One sausage link (120 calories per 45g) has roughly 22% of the calories of 100g cooked bacon (541 calories). Stated differently, you could eat about 4.5 sausage links for the calories in 100g bacon. However, bacon is more calorie-dense per weight because it loses water during cooking, becoming nearly pure fat. If your goal is minimizing breakfast calories while maintaining protein intake, sausage links are significantly more efficient than bacon—you get 9-11g protein from one link versus 37g protein from 100g bacon, but bacon delivers three times more fat and calories.

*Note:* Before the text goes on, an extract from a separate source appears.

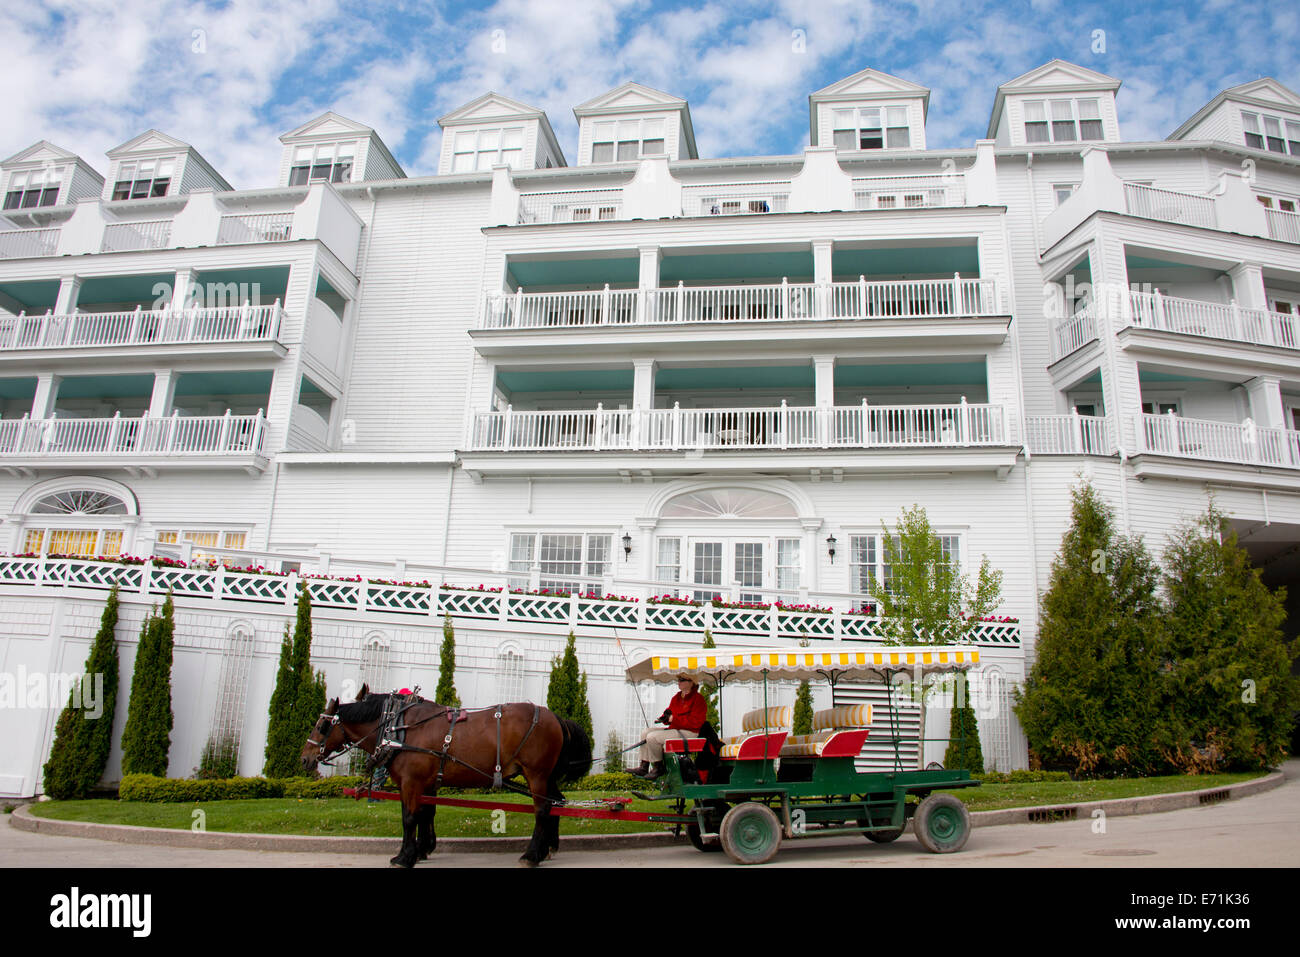 USA, Michigan, Mackinac Island. Traditional horse carriage in front of the historic landmark Grand Hotel. Stock Photo
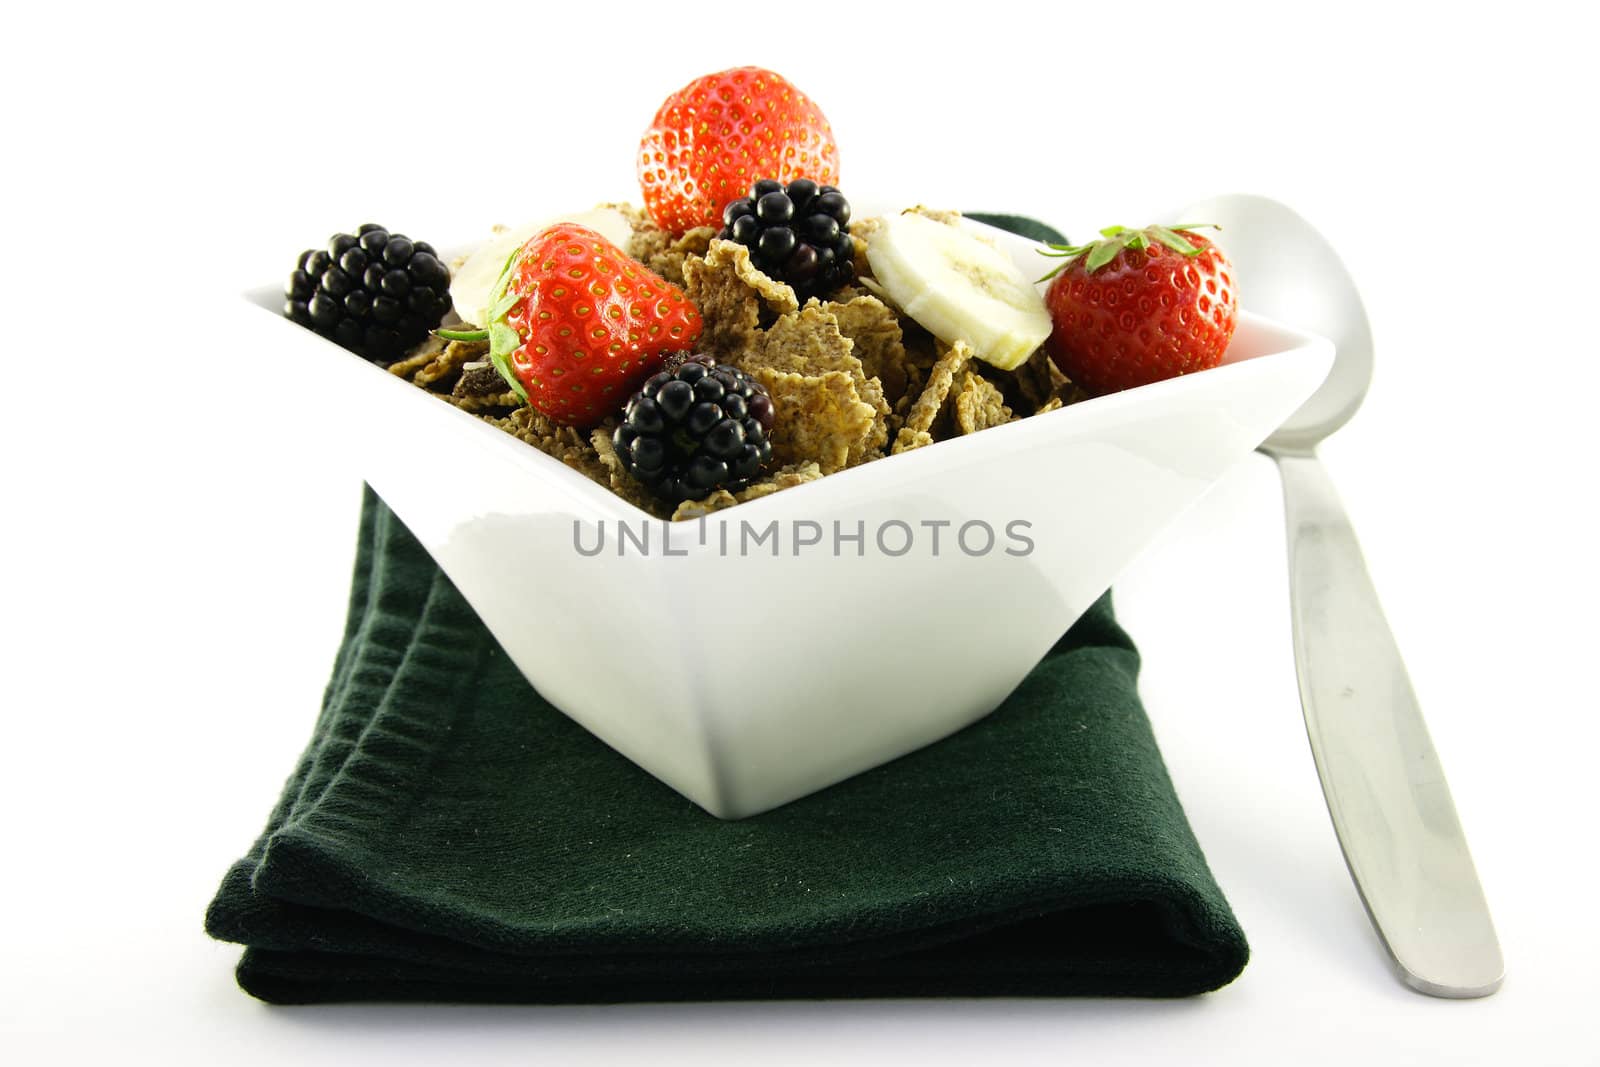 Bran Flakes in a White Bowl by KeithWilson

Can I eat sausage links on a keto diet?

Cautiously, yes. At 8.09g total carbs and 2.8g fiber per 100g, one link (45-55g) contains roughly 3.6-4.4g carbs with 1.3-1.5g fiber, leaving 2.2-2.9g net carbs. For a strict 20g daily carb keto limit, one link fits easily. Two links bring you to 4.4-5.8g net carbs, still manageable. The concern is that this particular sausage is plant-based (evidenced by the fiber), and some plant-based brands sneak in hidden carbs from binders or fillers—always check your specific brand’s label for total carbs. Traditional pork sausage (zero carbs) is technically “purer” for keto, but this product works in moderation.

Conclusion

A sausage link delivers 255 calories per 100g with 20.28g protein, making it a respectable breakfast protein source—especially in its plant-based formulation. The 2.8g fiber sets it apart from traditional meat sausages and improves its overall nutritional profile for digestive health. In practical terms, one link gives you roughly 120 calories and 10g protein, positioning it as an efficient breakfast component that won’t derail calorie budgets when portions stay controlled.

The data shows this is a meatless sausage link, which explains the favorable fiber content and distinct macronutrient balance compared to pork or poultry alternatives. If you’re counting calories, account for actual serving size (45-55g per link, not 100g), and be mindful of cooking methods—air-frying beats pan-frying for calorie control. The iron content is valuable, though absorption requires pairing with vitamin C sources.

For weight loss, sausage links work best as part of a complete breakfast that includes high-fiber carbs and vegetables. For keto dieters, this plant-based version is acceptable in moderation but requires label verification due to variable formulations. Overall, sausage links represent a practical, protein-rich breakfast staple that fits comfortably into most dietary frameworks when portions stay reasonable.